EXTRACTED MATERIAL:
....................
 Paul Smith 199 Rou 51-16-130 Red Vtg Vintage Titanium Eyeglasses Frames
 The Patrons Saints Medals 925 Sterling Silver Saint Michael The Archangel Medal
....................
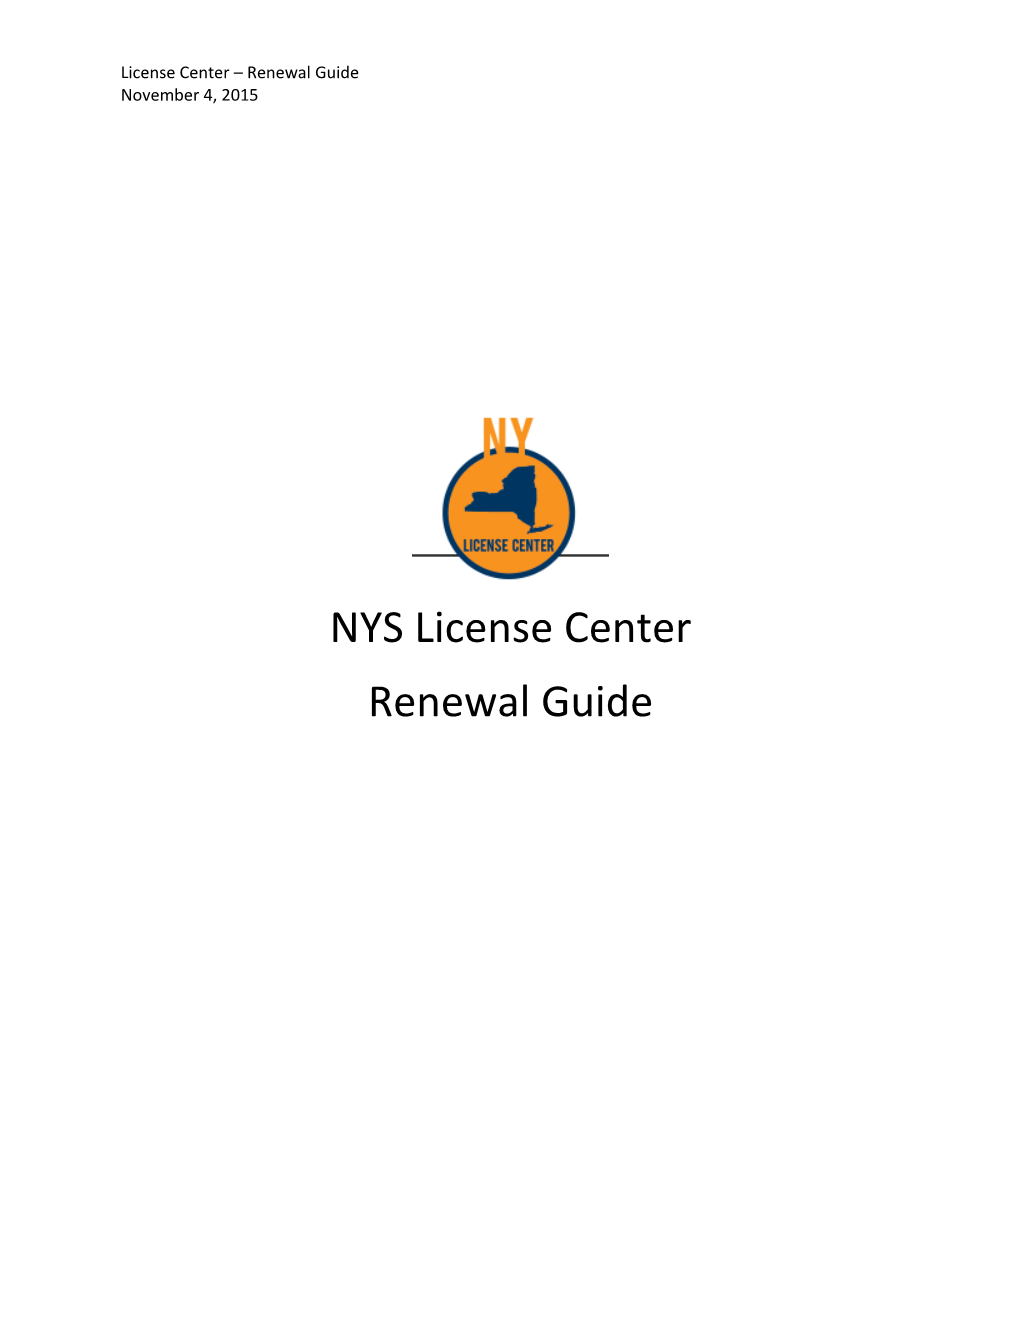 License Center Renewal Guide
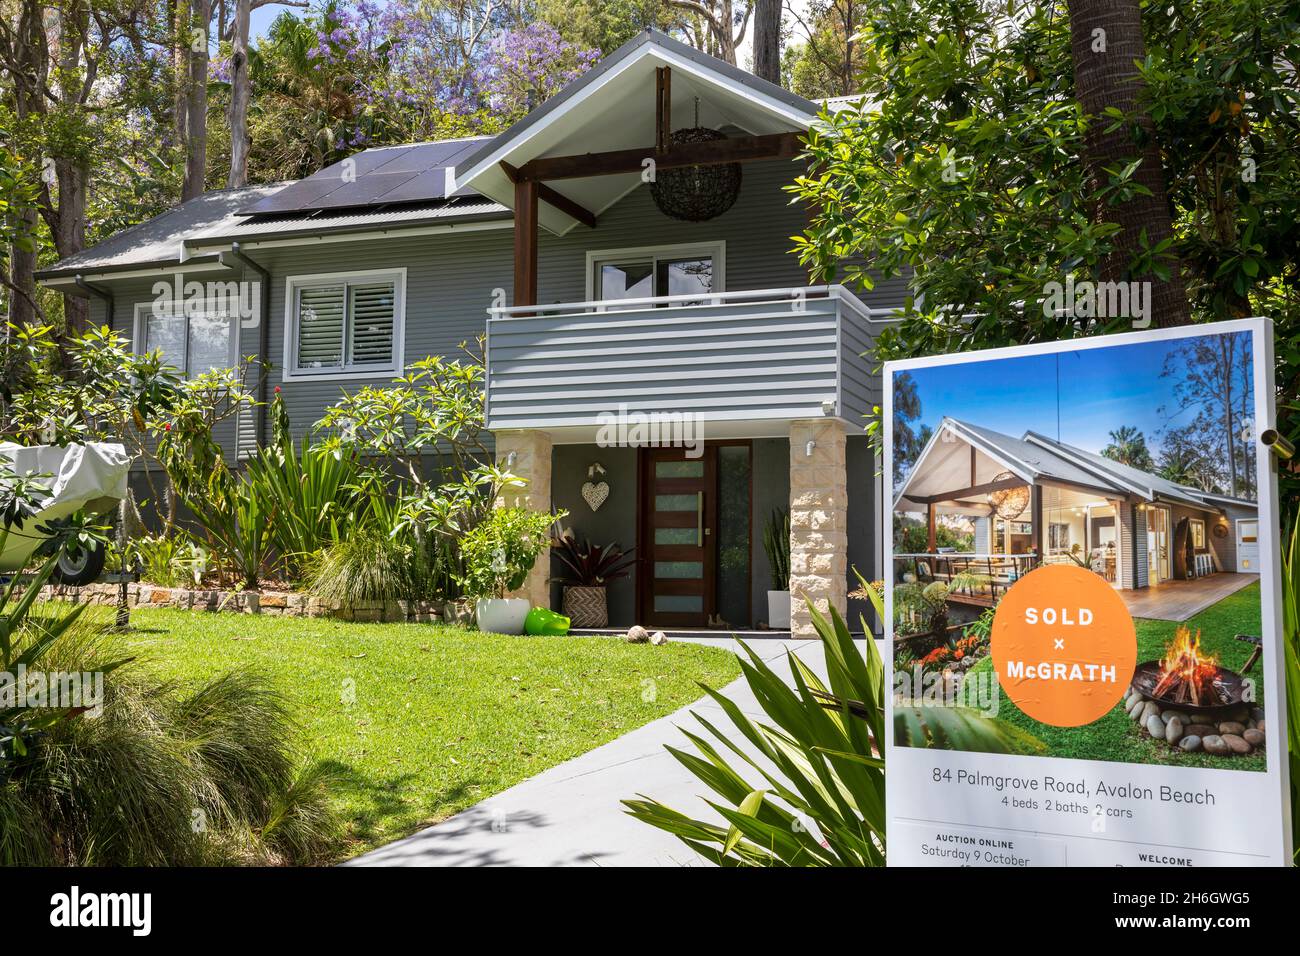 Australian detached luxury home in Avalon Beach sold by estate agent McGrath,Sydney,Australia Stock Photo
....................
INSTRUCTIONS TO FOLLOW: Where the listing above has a line with "Paul Smith 199", start there, and output every line exactly through the line with "The Patrons Saints", which is also included.

OUTPUT:
 Paul Smith 199 Rou 51-16-130 Red Vtg Vintage Titanium Eyeglasses Frames
 The Patrons Saints Medals 925 Sterling Silver Saint Michael The Archangel Medal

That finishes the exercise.